# Given data
>>

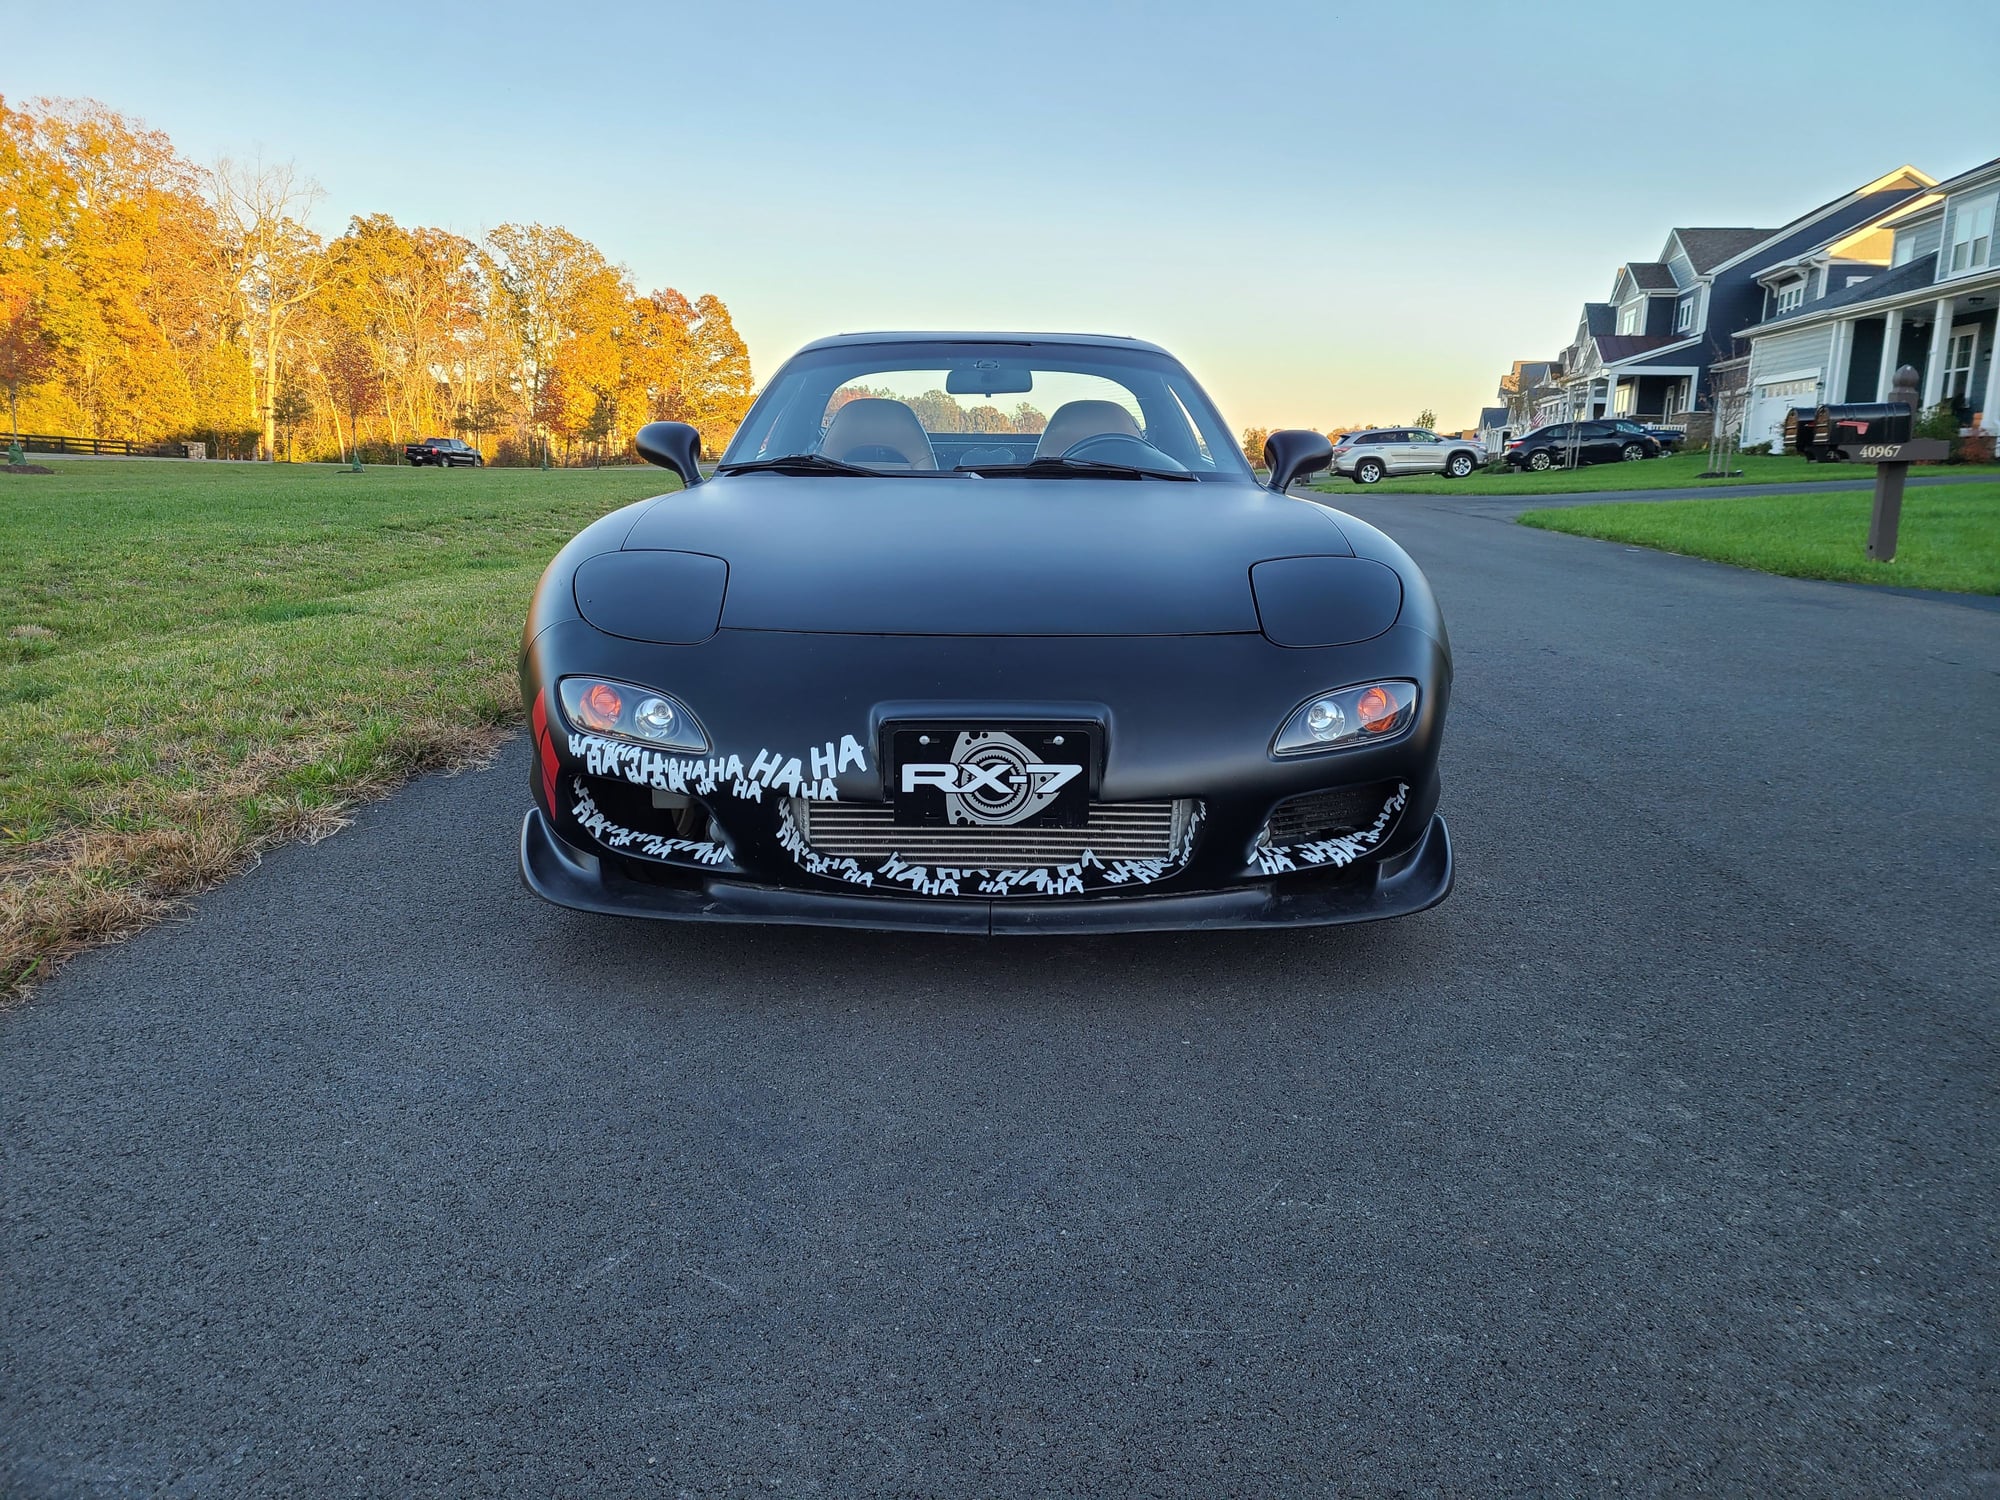 1994 Mazda RX-7 - 1994 RX-7 Single Turbo Bridgeport - Used - VIN JM1FD333XR0301653 - 134,000 Miles - 2 cyl - 2WD - Manual - Coupe - Other - Aldie, VA 20105, United States
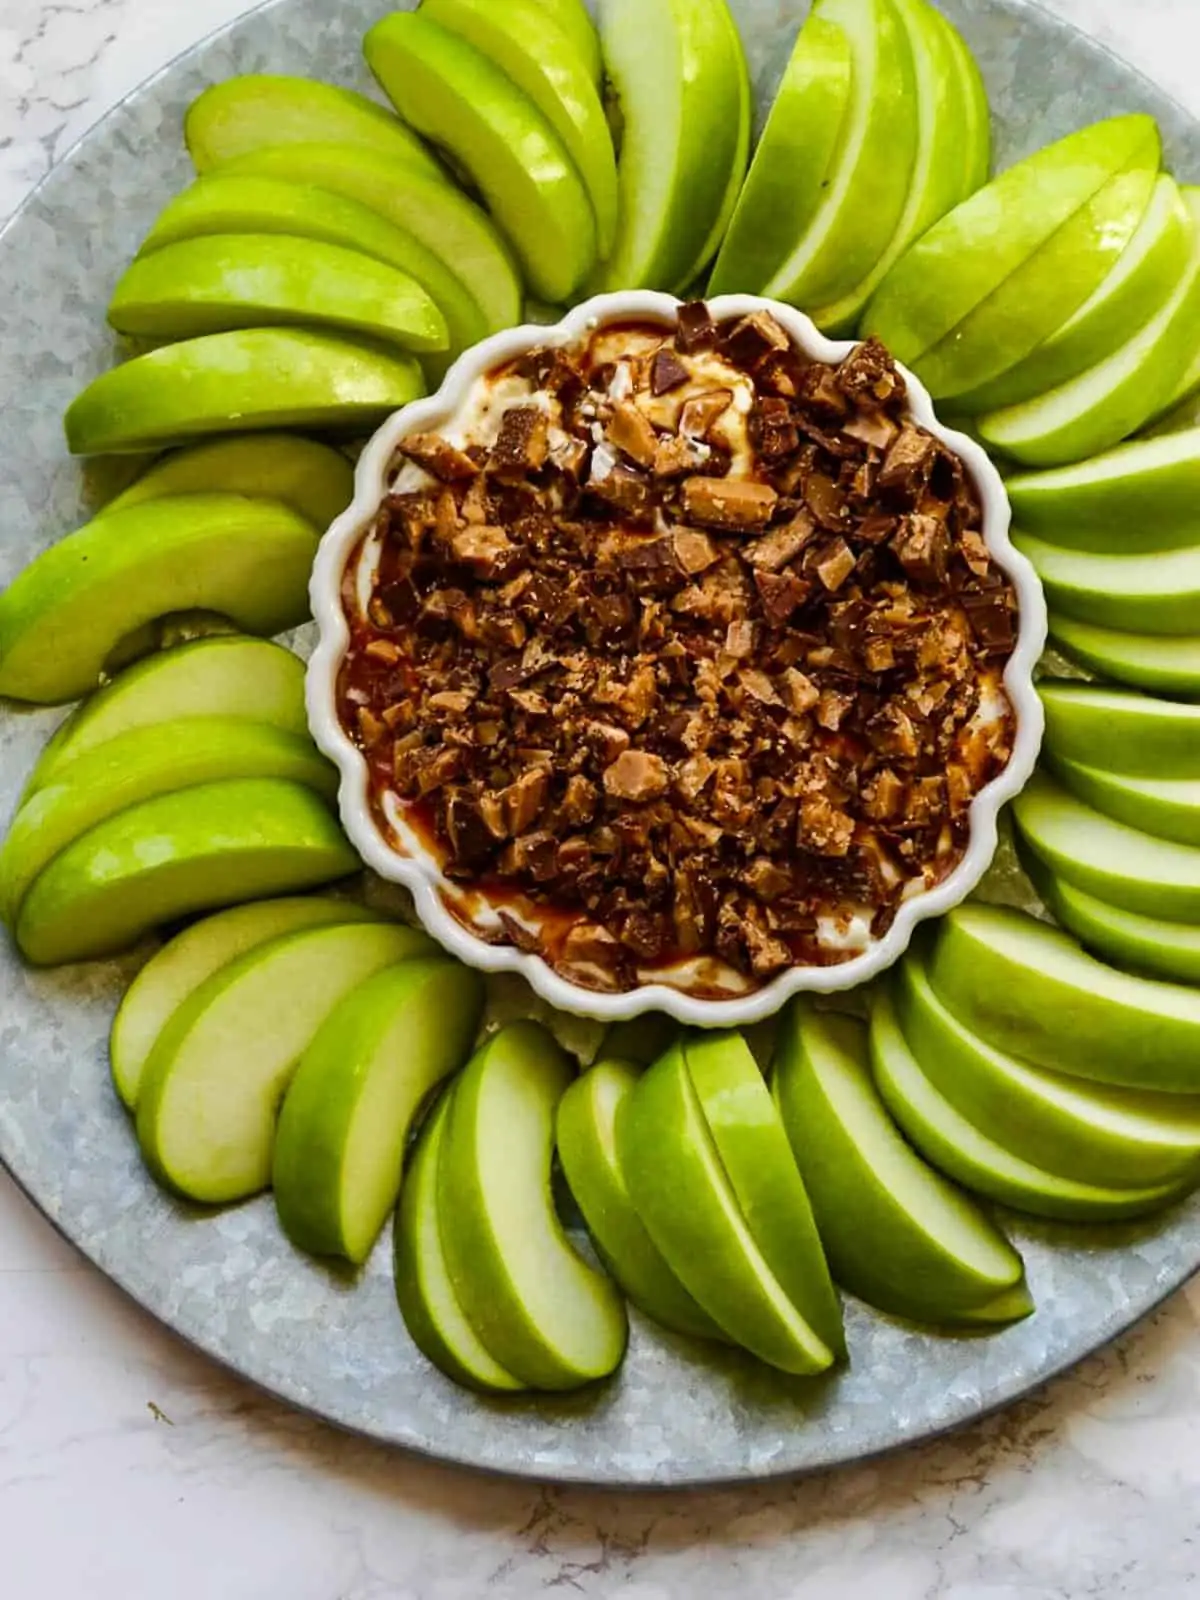 A large silver platter with green apple slices layed into a circular pattern around a white dish holding a sweet caramel apple dip for dessert topped with crushed Heath candy bars.
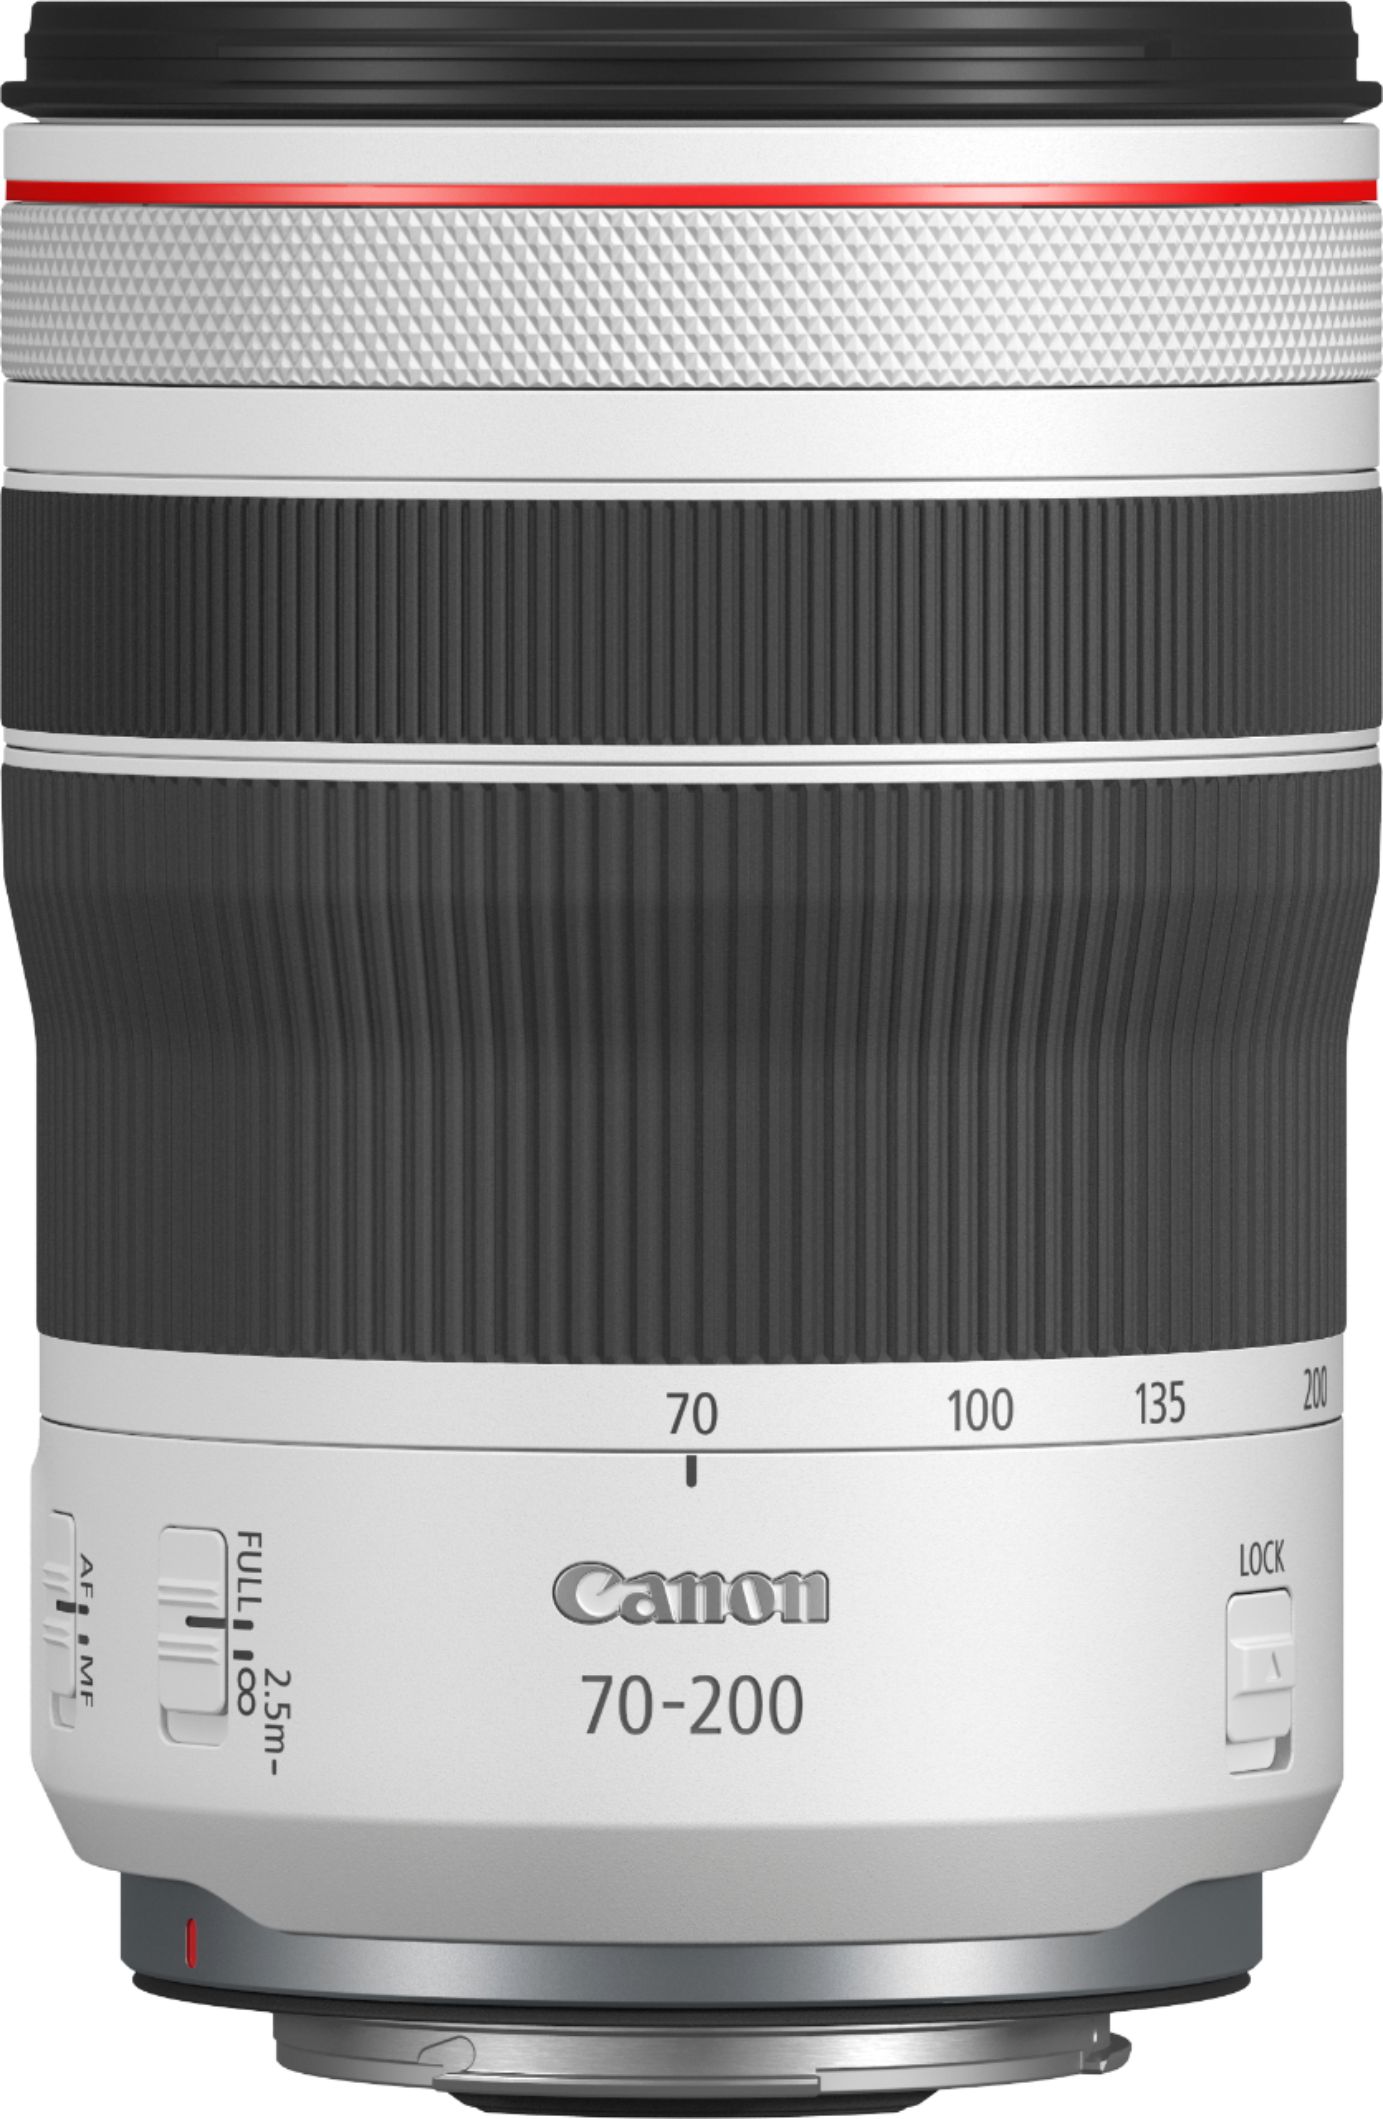 Canon RF 70-200mm f/4 L IS USM Telephoto Zoom Lens for RF Mount Cameras  White 4318C002 - Best Buy

<<

# Your instructions
Skipping all images, output the listing exactly.

# Exercise result
 1994 Mazda RX-7 - 1994 RX-7 Single Turbo Bridgeport - Used - VIN JM1FD333XR0301653 - 134,000 Miles - 2 cyl - 2WD - Manual - Coupe - Other - Aldie, VA 20105, United States
 A large silver platter with green apple slices layed into a circular pattern around a white dish holding a sweet caramel apple dip for dessert topped with crushed Heath candy bars.
 Canon RF 70-200mm f/4 L IS USM Telephoto Zoom Lens for RF Mount Cameras  White 4318C002 - Best Buy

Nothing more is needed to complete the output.